As stated earlier, the present invention is characterized by dry-blending a 
PVC resin and a cellular filler so that even a PVC paste resin containing 
a small particle size of about 1.mu. is possible to be dry-blended, thus 
permitting the use of a wide range of an average particle size of from 
about 0.2 to about 50.mu.. 
As apparent from the foregoing, PVC resinous compositions of the present 
invention which are made light and have a free-flow property exhibit 
unique properties that have never been obtained by a conventional 
plastisol or organosol, by far superior in particular in powder molding, 
and accordingly those are in a wide use in various fields including, for 
example, floor coverings, walls, automobile parts, toys, sealants and 
sails, as set forth above. 
Those compositions thus obtained exhibiting a superior free-flow property 
in a state of powder may be heated at an increased pressure to be formed 
into a sheet, by the use of which as a basis of structural materials a 
variety of molded products are supplied. 
The so obtained PVC sheet is used solely with its surface processed as, for 
instance, a floor covering, but is also used as a laminated product by 
combining the sheet with a core layer such as victoria lawns, glass fibre 
or synthetic fibre non-woven fabrics, a foamed layer and a surface layer 
(skin layer).
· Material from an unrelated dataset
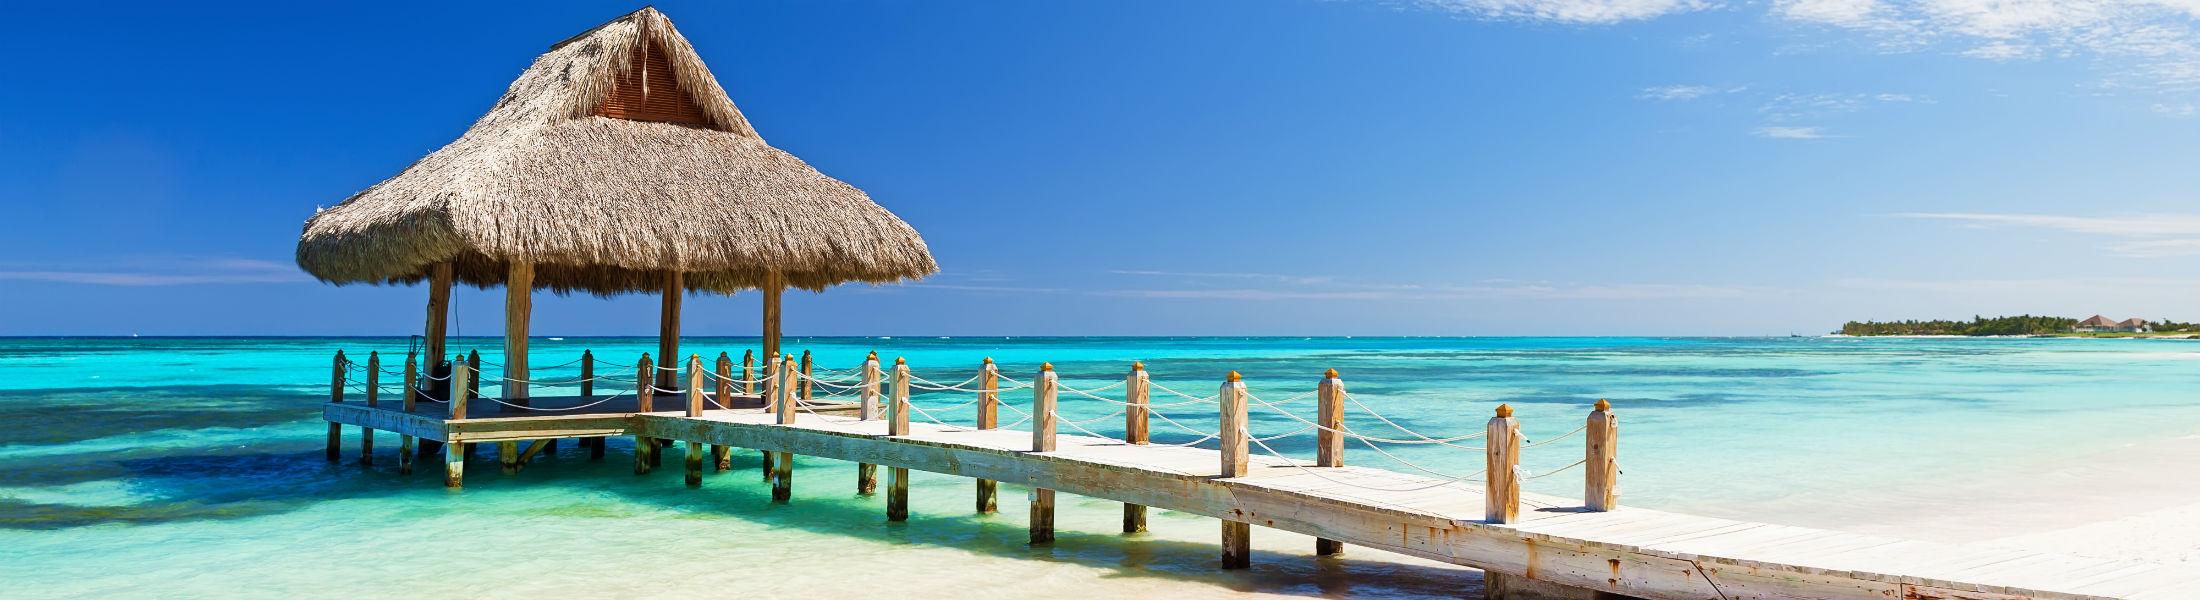 white sandy beach in Cap Cana Dominican Republic
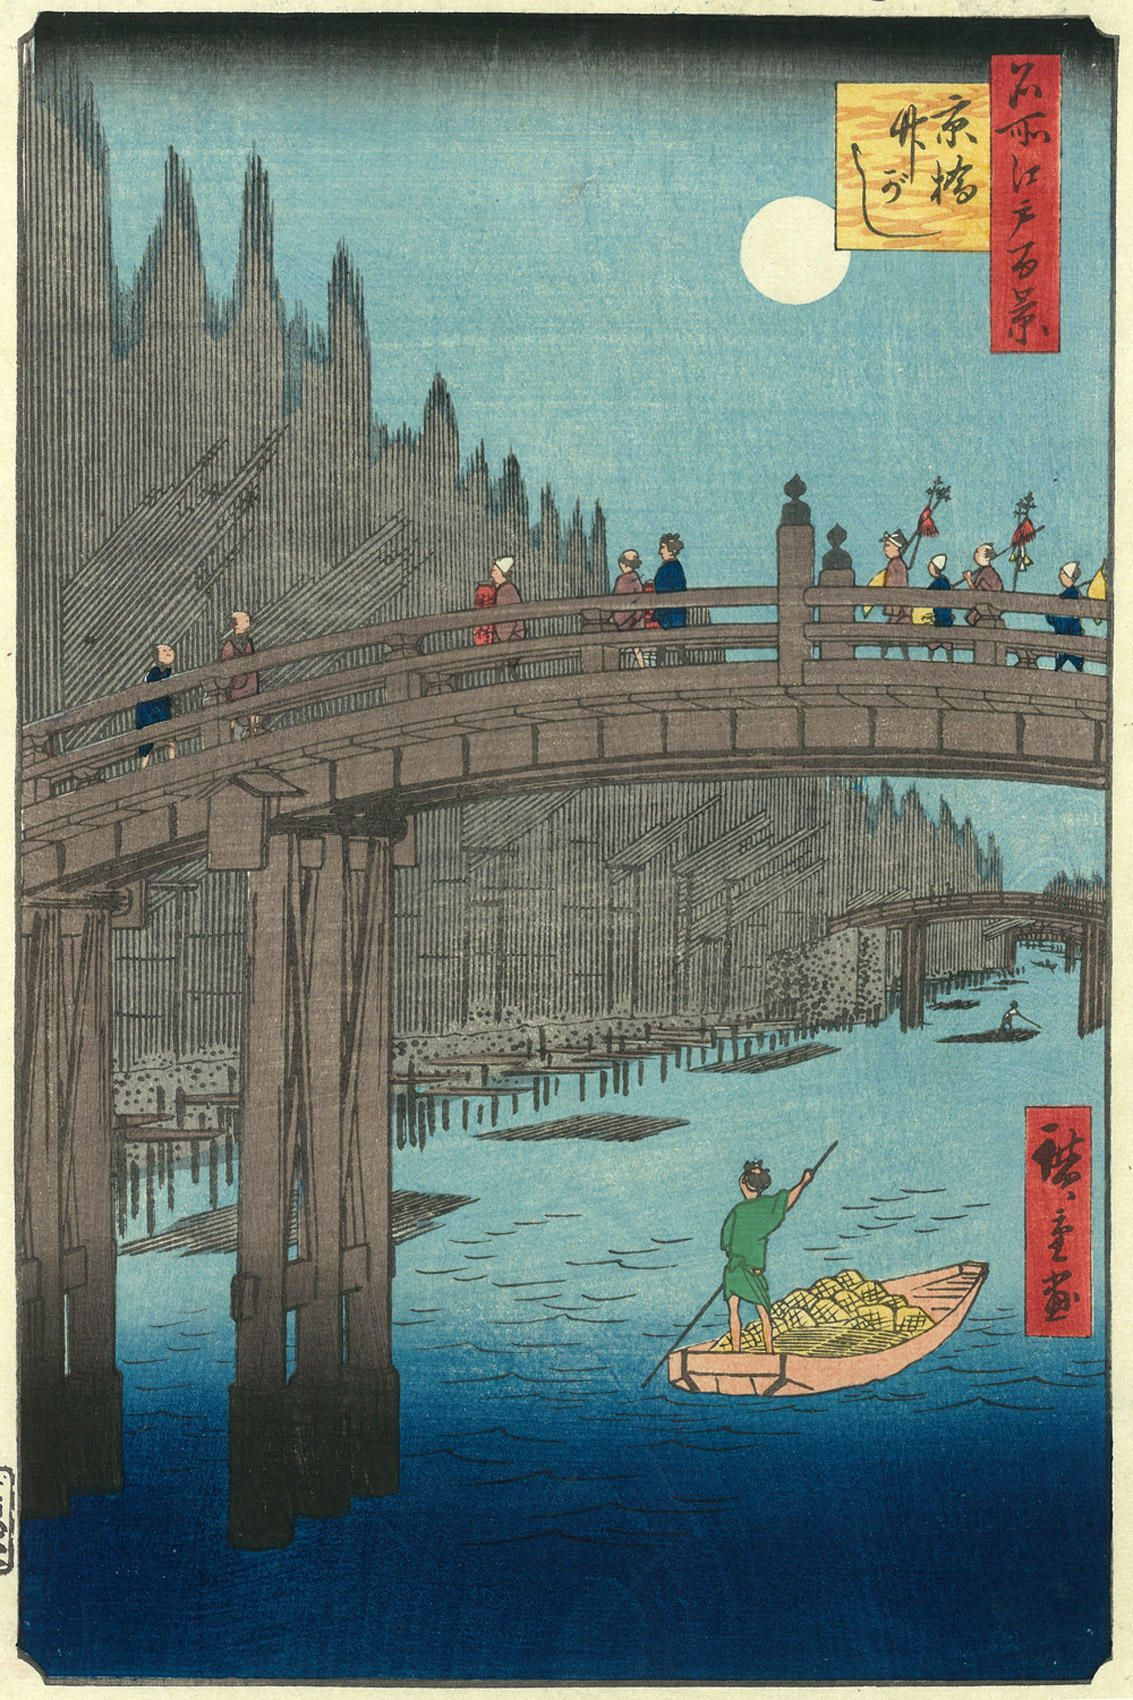 UTAGAWA HIROSHIGE Bamboo Yards, Kyôbashi Bridge from the series One Hundred Famous Places in Edo

When the foregoing molded products are used as, for 
instance, a floor covering backing, not only is the backing made light 
drastically, but peeling off upon re-covering and bending strength can be 
markedly improved to such a degree to enable folding covering. In 
addition, the covering of the present invention does not select the kind 
of adhesives when applied to a floor and is superior in a water-proof 
property so that it is possible to apply it to watery places. Moreover it 
is free from a disagreeable adhesiveness peculiar to a plasticized vinyl 
product containing a great amount of plasticizers and superior in dry 
touchness, besides possessing characteristics conventional backings have. 
Incidentally, the properties of the floor covering of the present invention 
are compared with those of the floor covering (plasticized plastic layer 
of a thick tissue) disclosed in the Japanese Examined Publication No. 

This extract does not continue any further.